While there are many articles on the Internet explainint or translating this paper,but for beginners,it is too difficult to understand,furthermore,If translating the original directly,it can hardly see how the algorithm come step by step.Therefore, we begin with the basic prototype of perfect shuffling algorithm to make it better understood.
To facilitate the discussion,we set the array index starting at 1,ranging from [1 .. 2n],also the above example with n=4,let us to see what the hell happens.
Start sequence:a1 a2 a3 a4 b1 b2 b3 b4 Array subscript:1 2 3 4 5 6 7 8 Final sequence:b1 a1 b2 a2 b3 a3 b4 a4
From the above examples we can see,the first n elements
The first element a1 to the original position of the second element a2,that is 1->2;
The second element a2 to the original position of the forth element a4,that is 2->4;
The third element a3 to the original position of the sixth element b2,that is 3->6;
The forth element a4 to the original position of the eighth element b4,that is 4->8;
which is extended to the general,for the elements of second half,the i-th element goes to the original position of the (2 * (i - n) ) - 1 = 2 * i - (2 * n + 1) = (2 * i) % (2 * n + 1)-th element.

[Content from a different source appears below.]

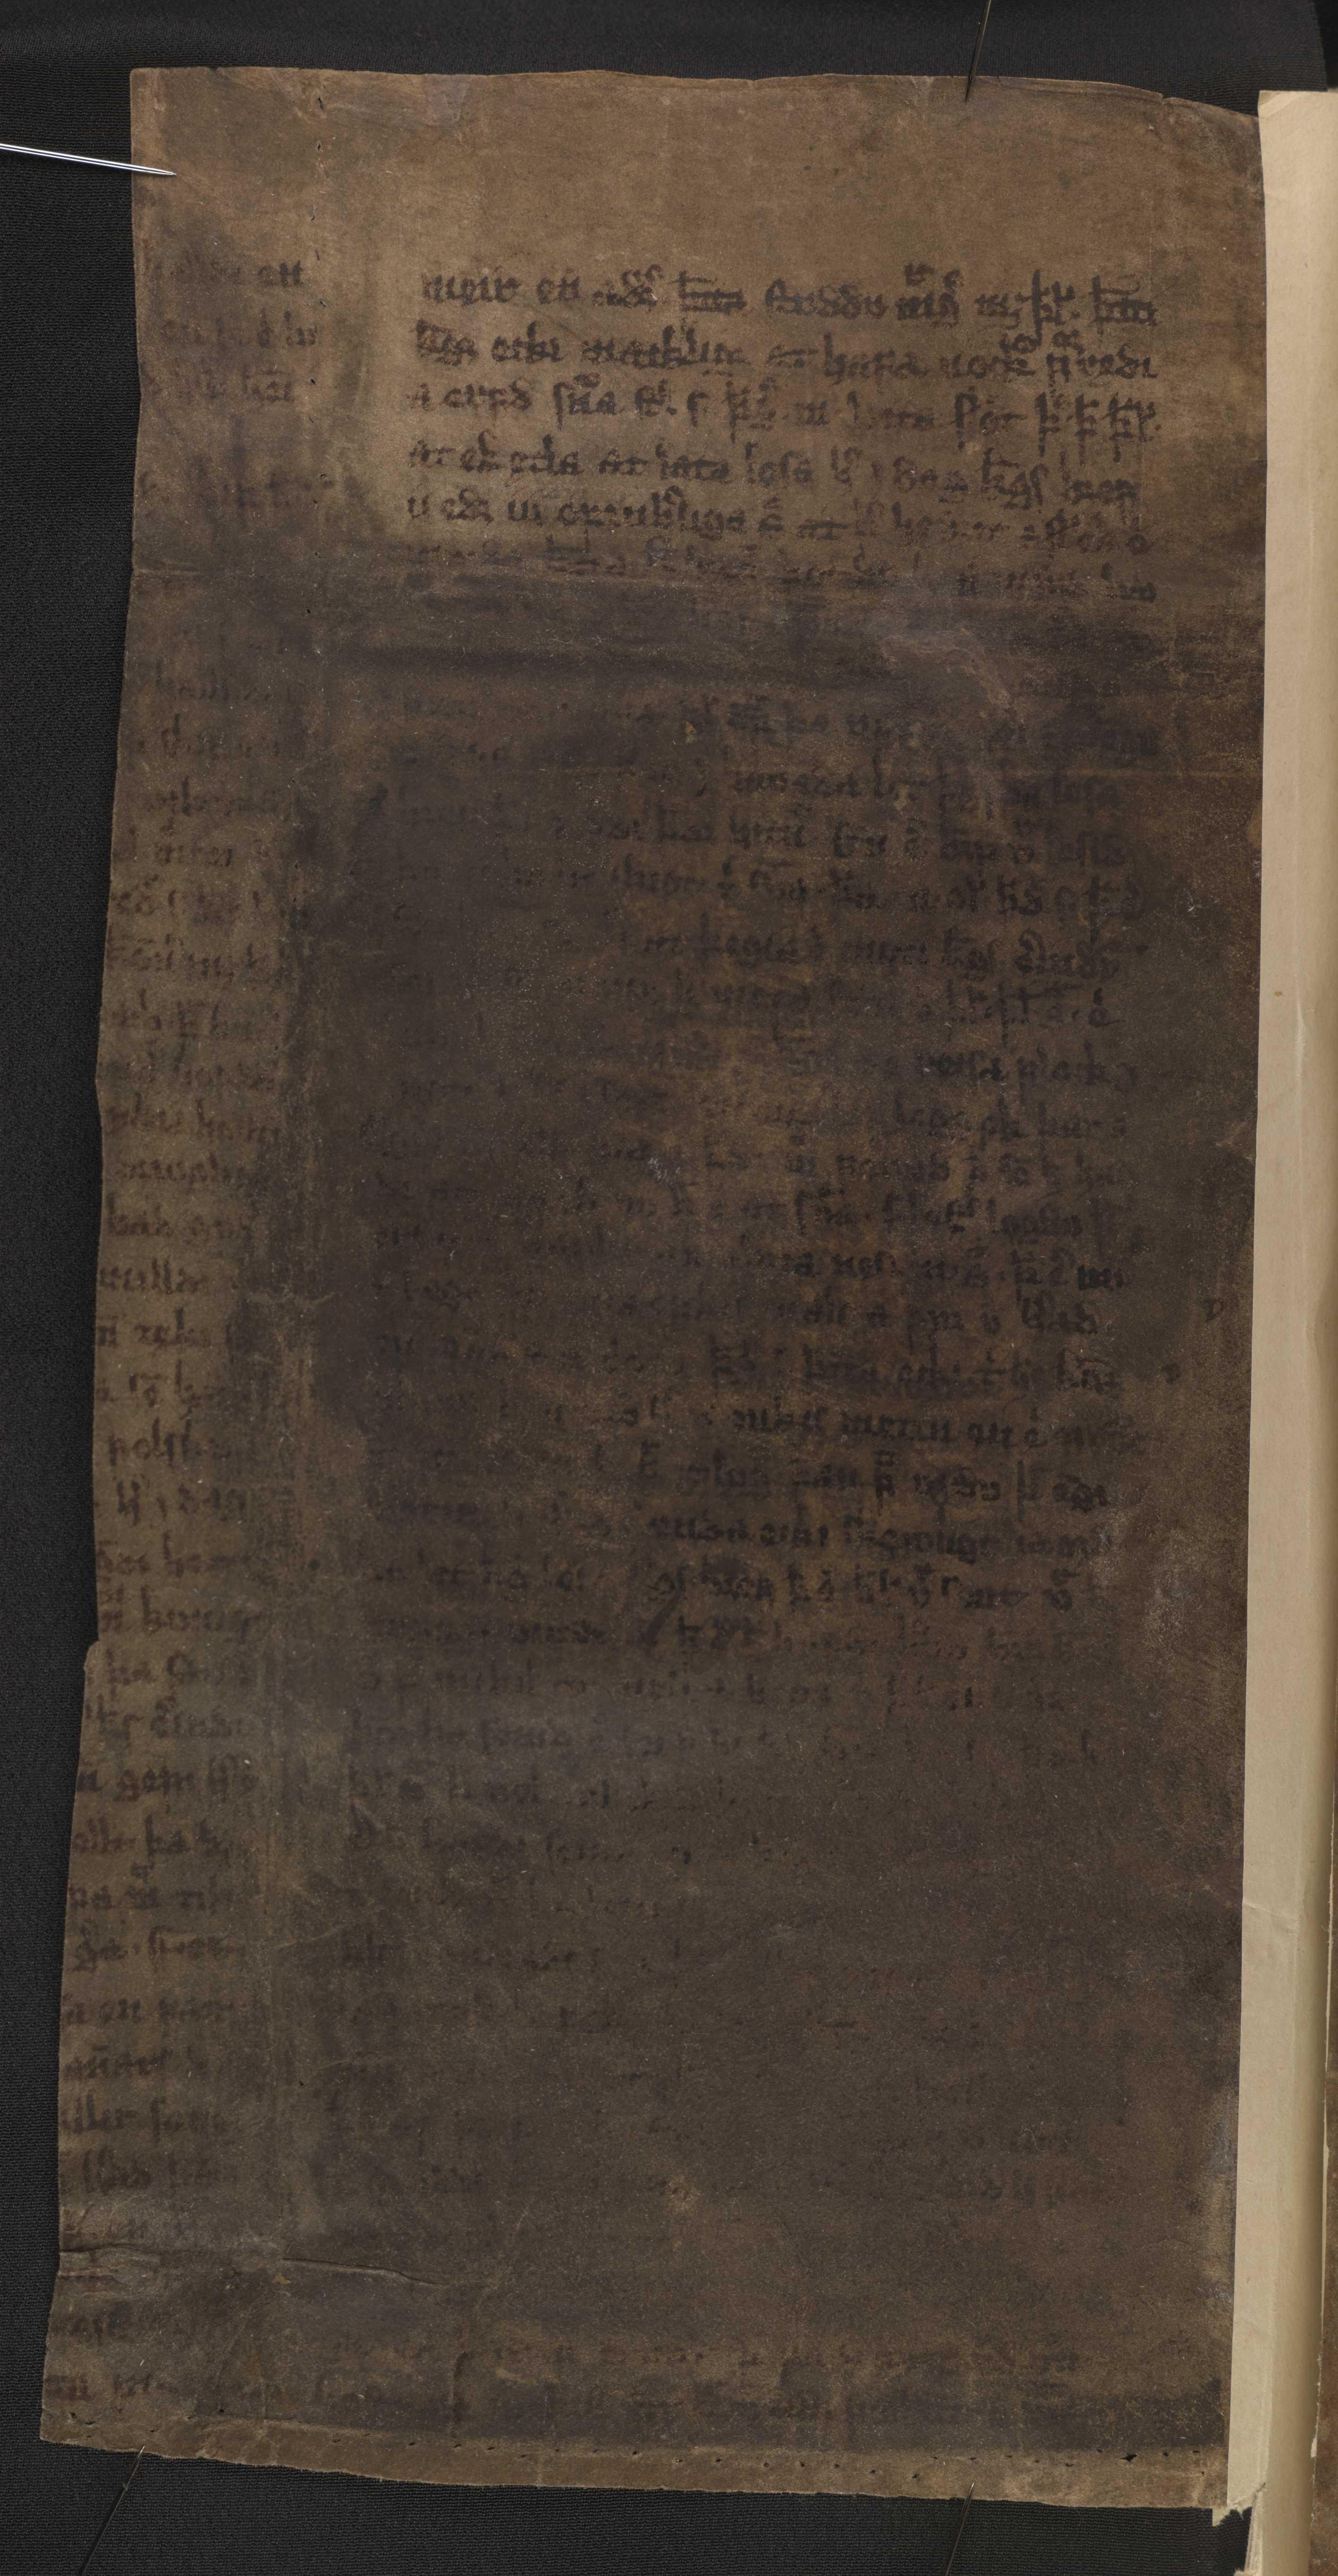 AM 122 b fol - 16v

Then integrated into any situation,the arbitrary i-th element,we eventually change it to the (2 * i)% (2 * n + 1)-th position.Why is it? Because:
when 0 <i <n,original Formula = (2i) % (2 * n + 1) = 2i;
when i >n,original Formula (2 * i) % (2 * n + 1) unchange.
Therefore,if we then allow another array to contain the element,we put can each element directly to the location where it should be,which brings about the easiest way pefect_shuffle1,reference code below:
//Time complexity O (n), space complexity O (n) and array index starts at 1
void pefect_shuffle1(int *a, int n)
{
int n2 = n * 2, i, b[N];
for (i = 1; i <= n2; ++i)
{
b[(i * 2) % (n2 + 1)] = a[i];
}
for (i = 1; i <= n2; ++i)
{
a[i] = b[i];
}
}
Obviously,its time complexity is O (n), but the space complexity is O (n), which is still not in line with the expected time complexity O (n) and space complexity O (1).We continue to look for better solutions.

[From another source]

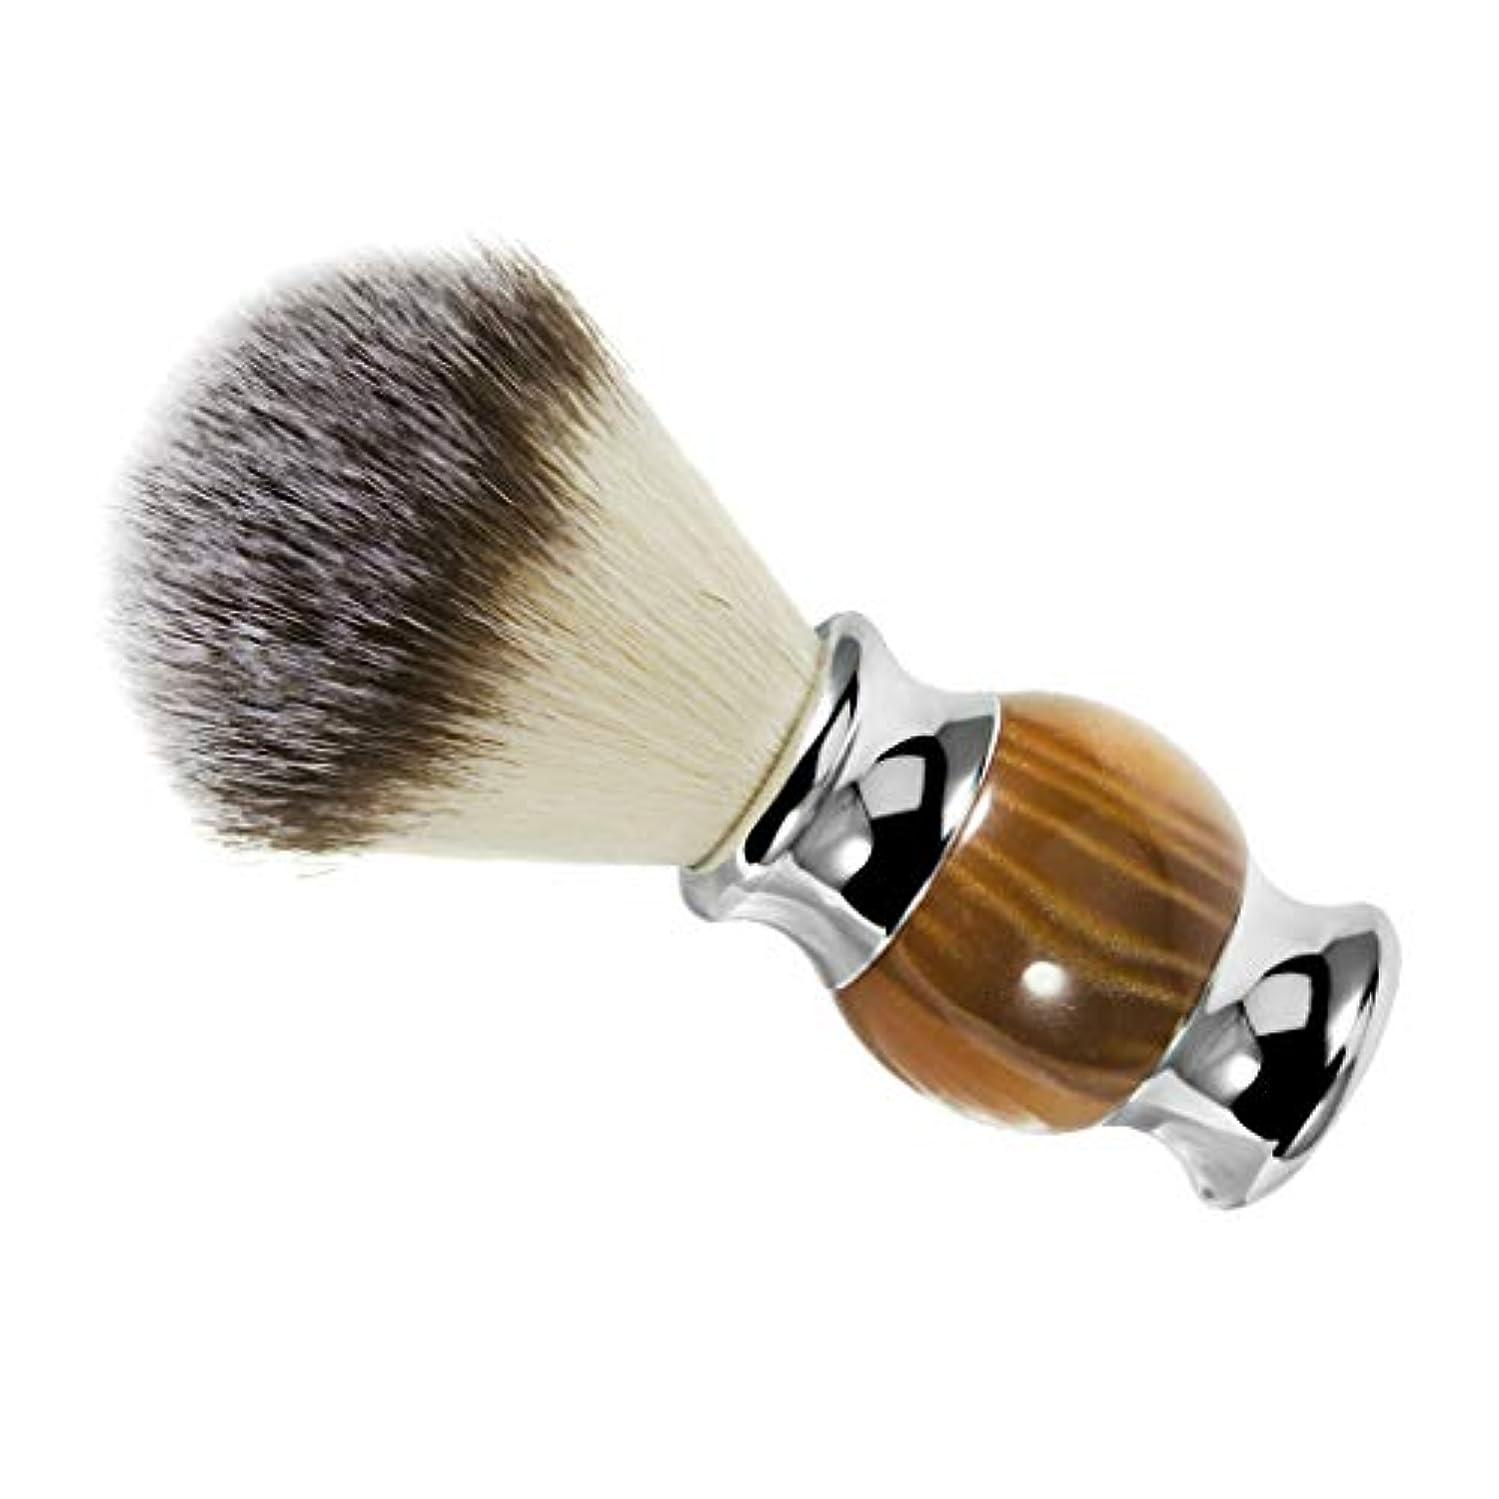 パッケージ血蜜シェービングブラシ ひげ剃りブラシ 口ひげブラシ 理髪サロン 髭剃り ひげ剃り 泡立ち

At the same time,I also remind readers that according to the transform of the above, we can see that there are two cycles.
One is 1 -> 2 -> 4 -> 8 -> 7 -> 5 -> 1;
the other is 3 -> 6 -> 3.
2.3.1 below,"cycle_leader " algorithm will again mention these two circles.
For those who familiar with divide and conquer know that we can make it smaller by divide and conquer for a relatively large-scale problem.For this subject, assume that n is even, we try to split in half from the middle of the array (for the convenience of description, just looking at the array subscript is enough):
Original array subscript:1....2n,that is(1 .. n/2, n/2+1..n)(n+1 .. n+n/2, n+n/2+1 .. 2n)
The length is both n for the first halve(1 .. n/2, n/2+1..n)and second halve(n+1 .. n+n/2, n+n/2+1 .. 2n)
Next,we swap the later n / 2 elements (n / 2 +1 .. n) of the first half with the later n /2 elements(n+1..n+n/2,getting:
Newly the first n elements A:(1..n/2 n+1.. n+n/2)
Newly the second n elements B:(n/2+1 .. n n+n/2+1 .. 2n)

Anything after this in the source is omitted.